BANA HİÇ HABER VERİLMEDİ
Karaduman bebeğin ölümüne ilişkin ise sanık Eryılmaz, “KSS Eğitim Araştırma Hastanesi’nde doğuyor. Solunum sıkıntısı, kan şekeri düşüklüğü nedeniyle hastanemize 112 aracılığı ile sevk edildi. Hastaya damar yolu açıldı. Tedavisine başlanıyor. Bebek yatışı devam ederken eks oluyor. 45 dakika canlandırma işlemi sürüyor nöbetçi doktor var o saatte. Bana hiç haber verilmiyor. Bana olayı anlattılar. Bu bebek de bu şekilde eks oldu” diye konuştu.
ÖLÜMÜNDE SORUMLULUĞU BULUNDUĞU BEBEĞİ HATIRLAMADI
Dursun Eryılmaz, “Melek Süleymanoğlu bebek hatırlayamadığım bir bebek.
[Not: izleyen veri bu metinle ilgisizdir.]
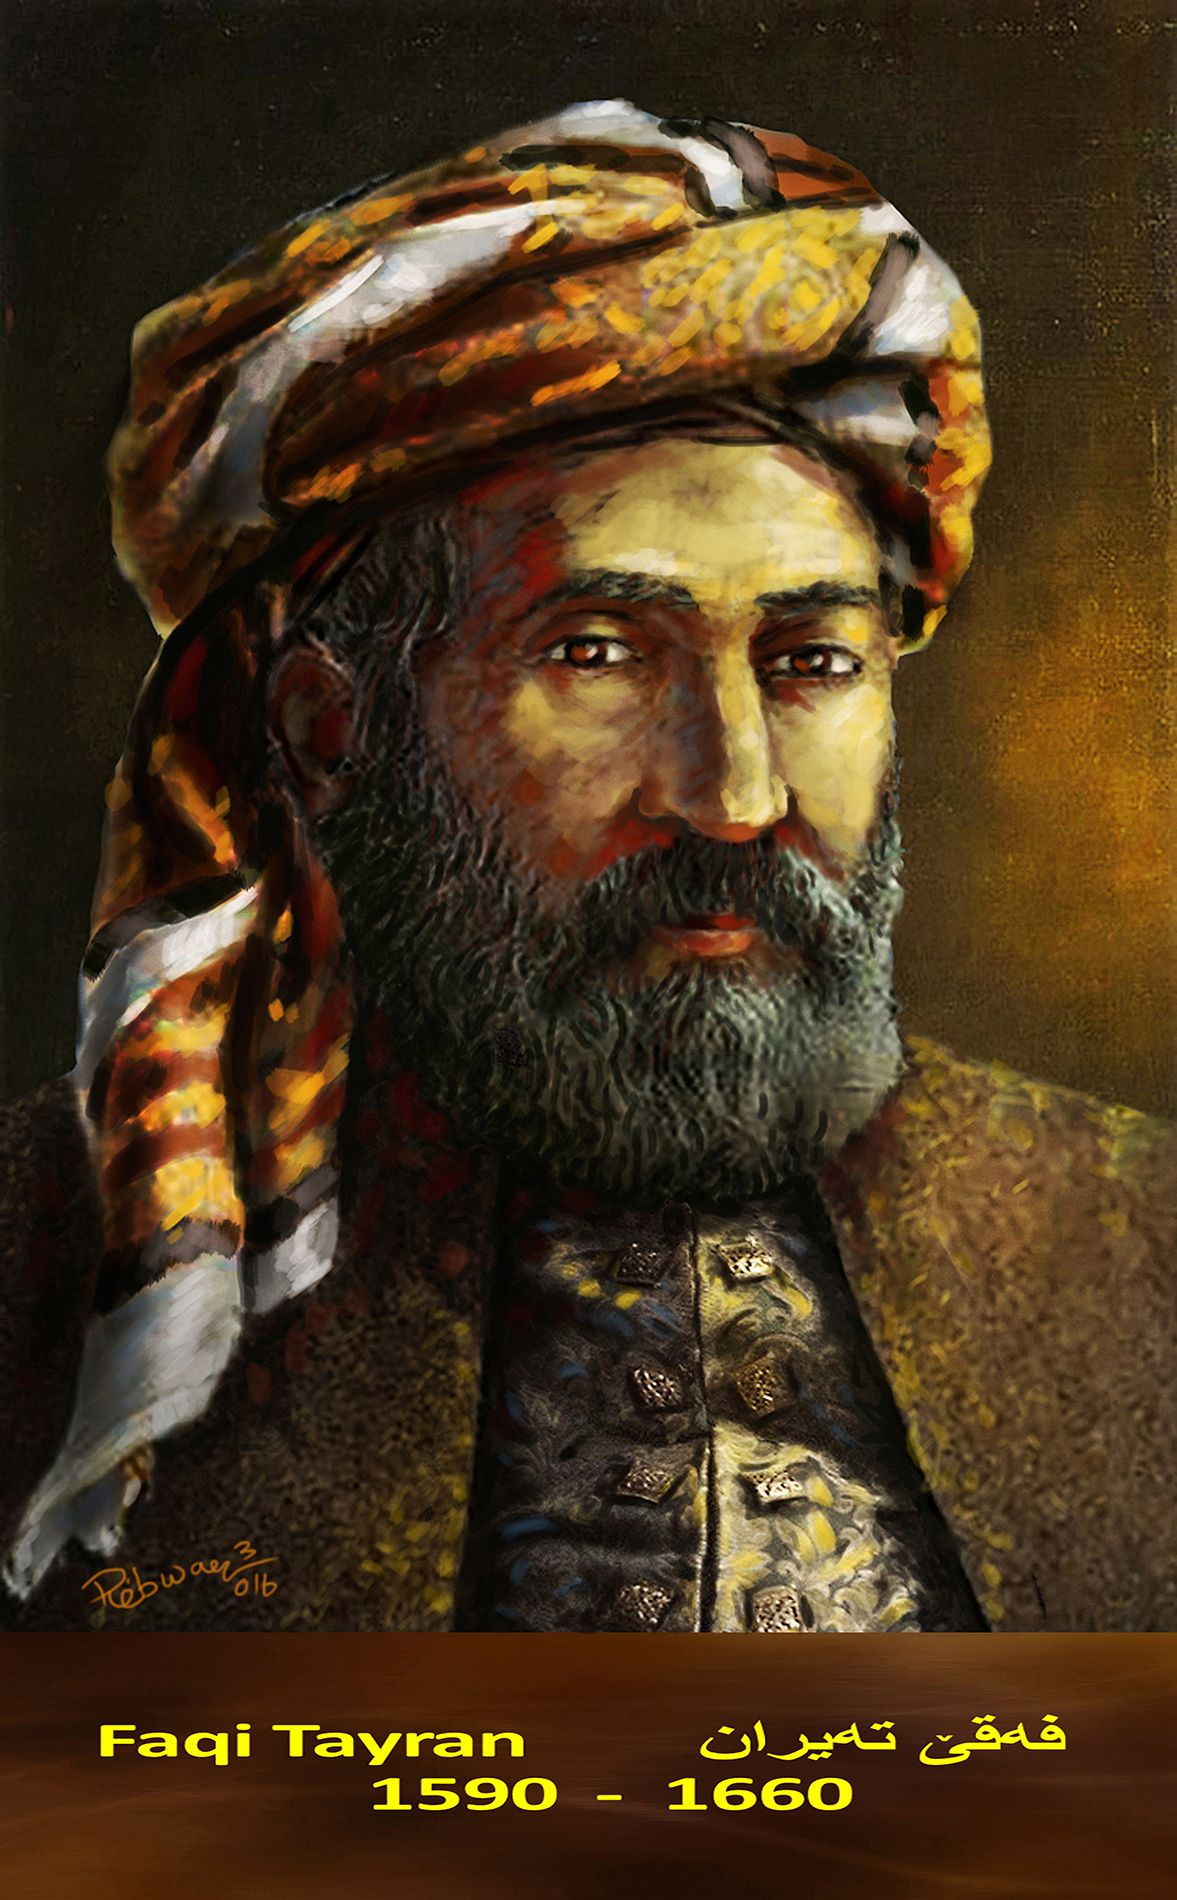 Faqi Tayran, (1590–1660) is considered one of the great classic Kurdish poets and writers. by Rebwar K Tahir.

Ama anladığım kadarıyla bebek solunum sıkıntısı ile başka bir hastaneden bize geliyor” dedi.
MAAŞ ALDIĞIM ŞİRKET KİMİN BİLMİYORUM
Sanık Eryılmaz savunmasının devamında, “Benim maaşım şirketten yatıyordu. Şirketin kimin olduğunu bilmiyordum. Tutuklanmadan birkaç ay önce Fırat Sarı’yı gördüm. ‘Ben buranın işletmesini devraldım’ dedi. Ben o şekilde Fırat Sarı’dan maaş aldığımı anladım. Bizde günlük epikriz yazacağız diye bir kural yok. Notlar alıyorduk. Sonrasında da yazabilirdik” ifadelerini kullandı.